# Stripping Metallic Coatings



## goldsilverpro (Jul 11, 2012)

For those that are interested, here's a fairly definitive article on stripping most types of plated metals from most substrate metals, without attacking the substrate. Sorry, but you'll either have to rotate the pages yourself or cock your head to the left. Most pdf readers have rotate clockwise under the View menu.


----------



## philddreamer (Jul 11, 2012)

Thank you Chris!

Phil


----------



## FrugalRefiner (Jul 11, 2012)

Awesome!!! :lol: 

Thank you so much for sharing!!!

Dave


----------



## jmdlcar (Jul 11, 2012)

Hi,

I only have a HP TouchPad for the internet and it won't let me view ATTACHMENTS files. So can they be posted both ways?

Thanks
Jack


----------



## goldsilverpro (Jul 11, 2012)

jmdlcar said:


> Hi,
> 
> I only have a HP TouchPad for the internet and it won't let me view ATTACHMENTS files. So can they be posted both ways?
> 
> ...



You didn't need to post in triplicate, so I deleted the other 2.

These files range from 7 to 43 pages and I think it would be way too cumbersome to put the entire text on a post. In any case, I'm not going to even attempt it.
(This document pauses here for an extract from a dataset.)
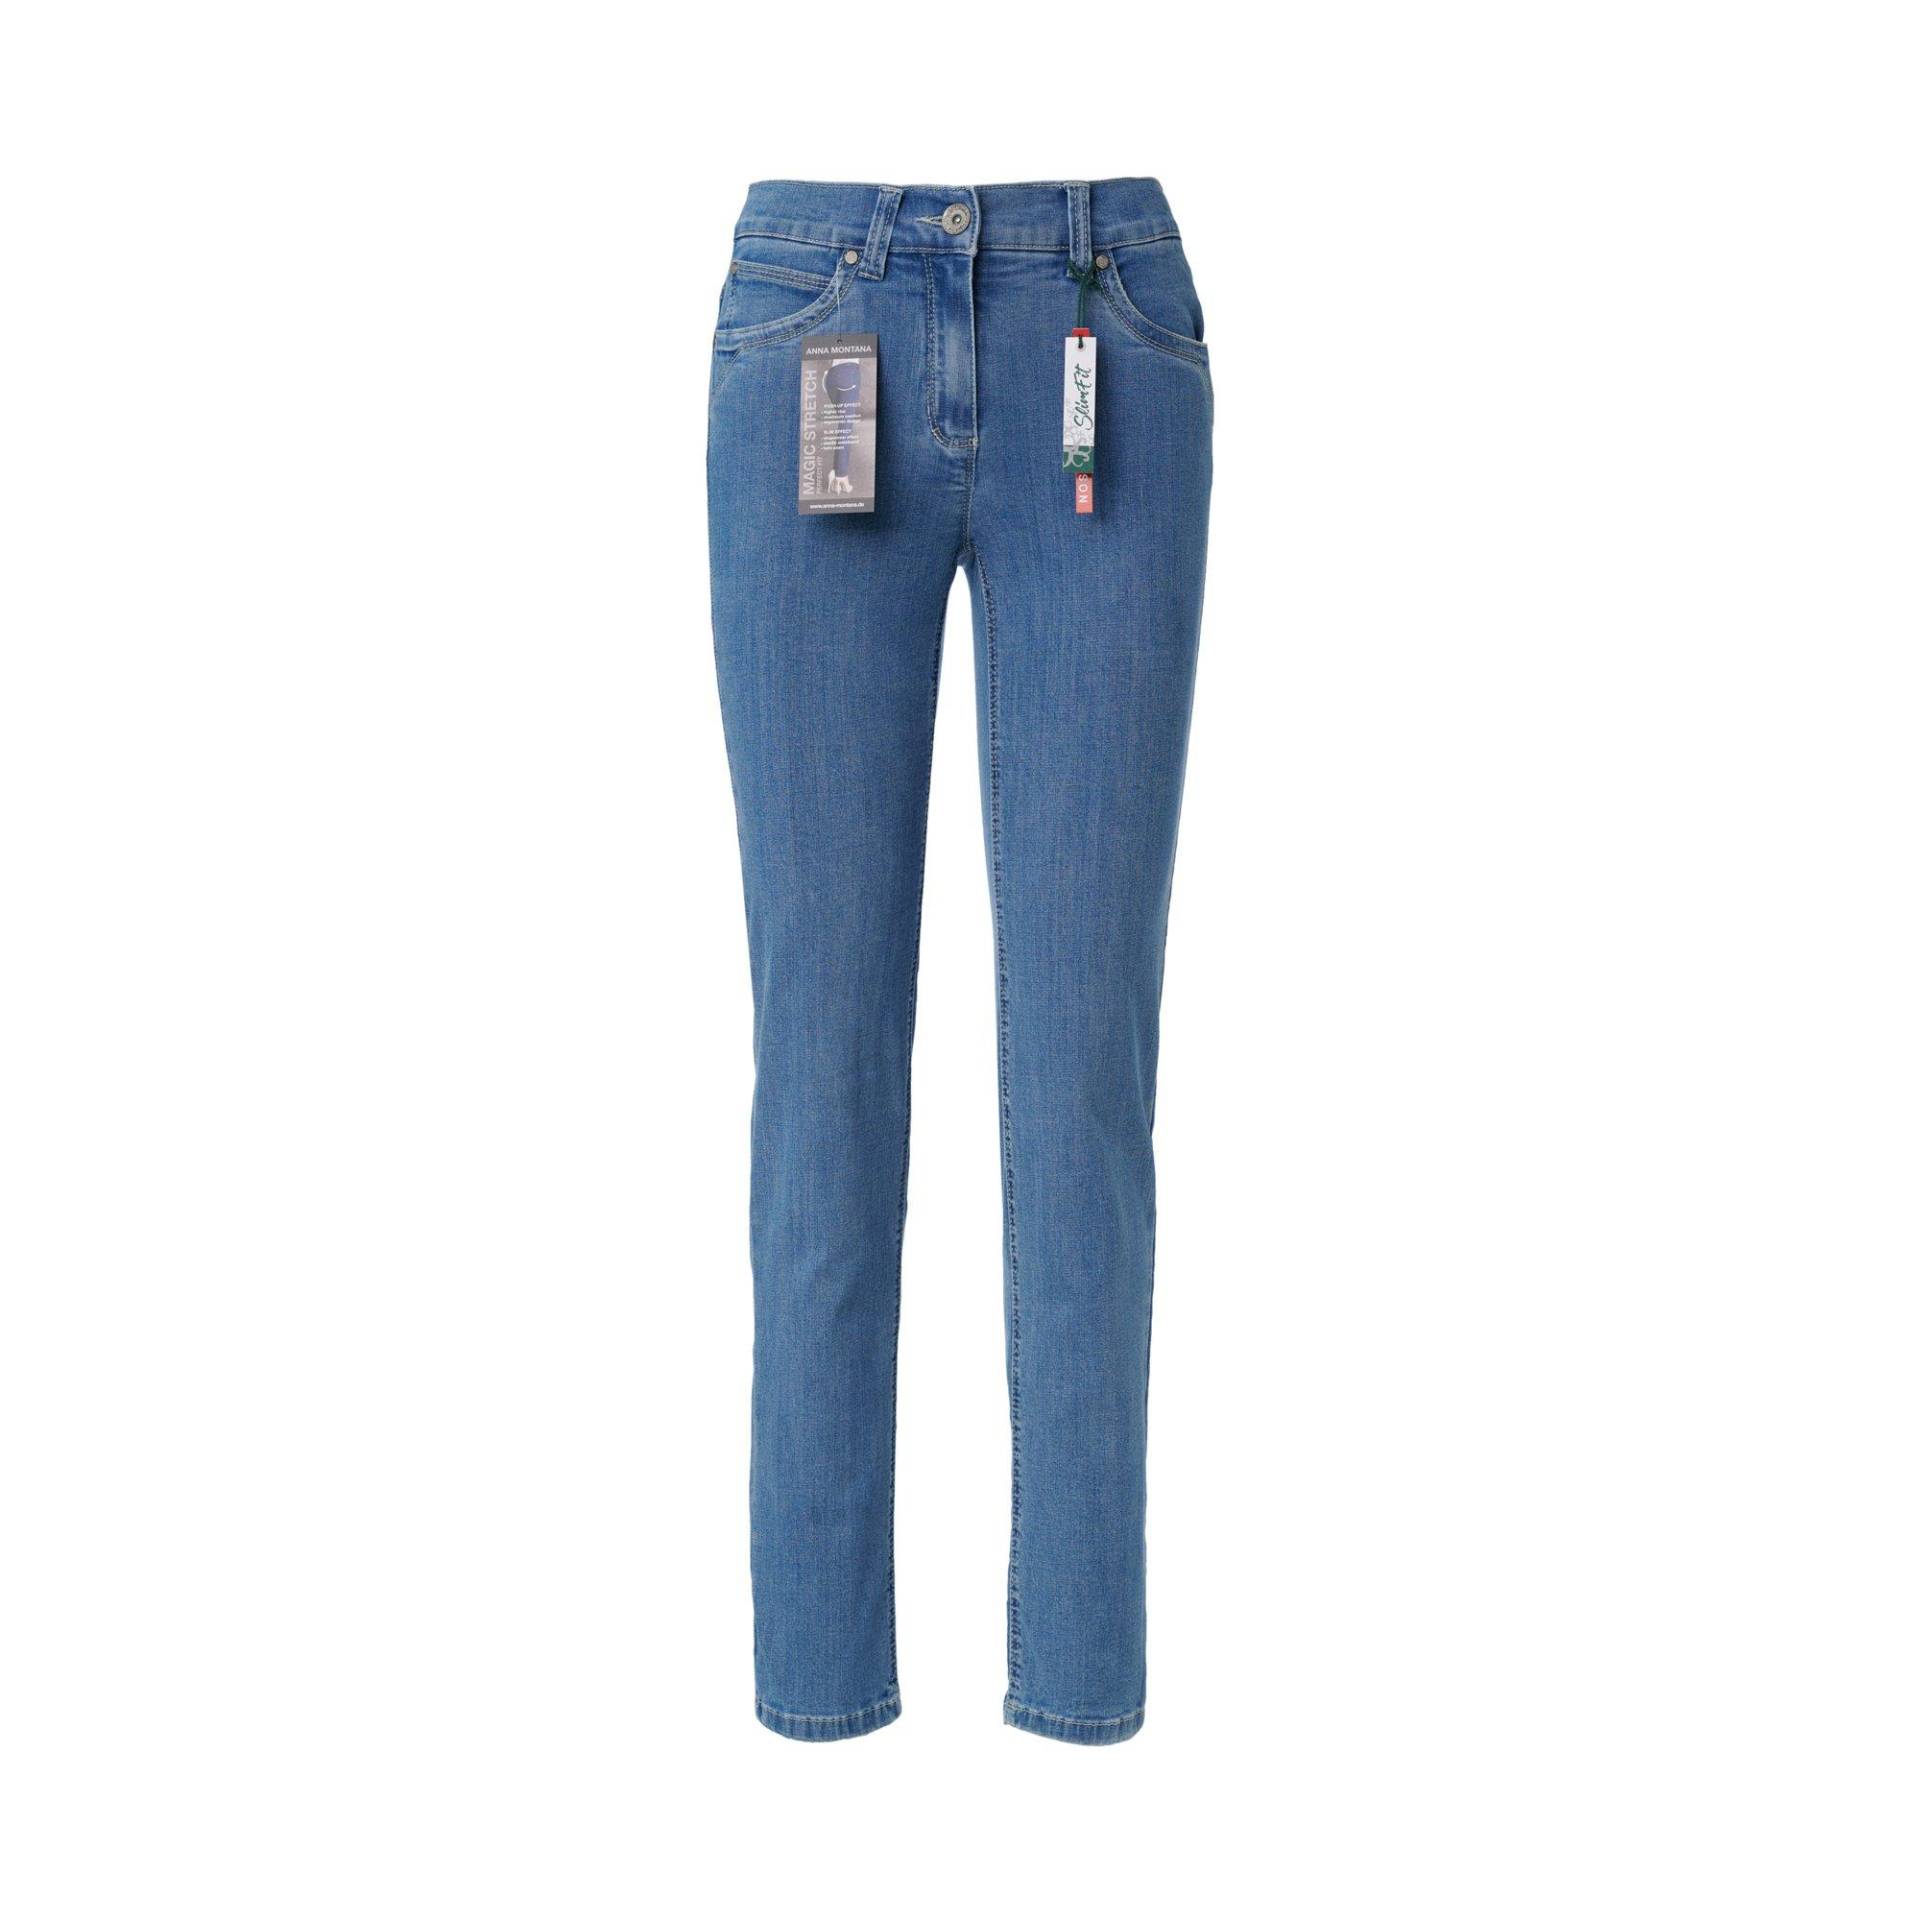 Jeans, Slim Fit Damen Bleached Blau 40 von ANNA MONTANA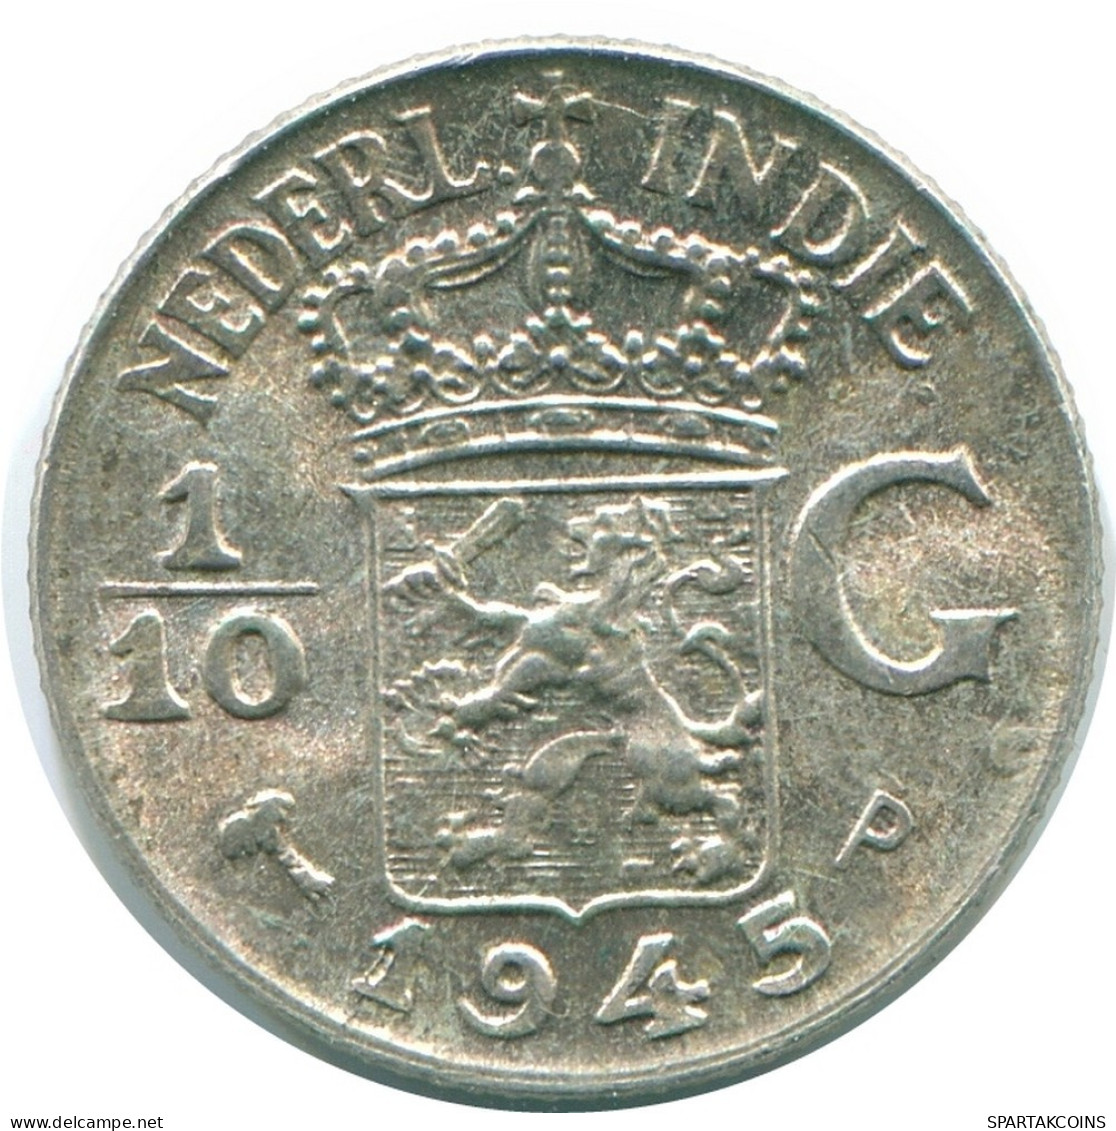 1/10 GULDEN 1945 P NETHERLANDS EAST INDIES SILVER Colonial Coin #NL14106.3.U.A - Niederländisch-Indien

I can give you a link for an online copy of where this info came from. This is a pain to navigate, but it's the best I can do.
http://metalfinishing.epubxp.com/issue/49721


----------



## jmdlcar (Jul 11, 2012)

I just wanted make sure some seen it sorry. Some web site ATTACHMENTS works.


----------



## BAMGOLD (Jul 11, 2012)

Fantastic!


----------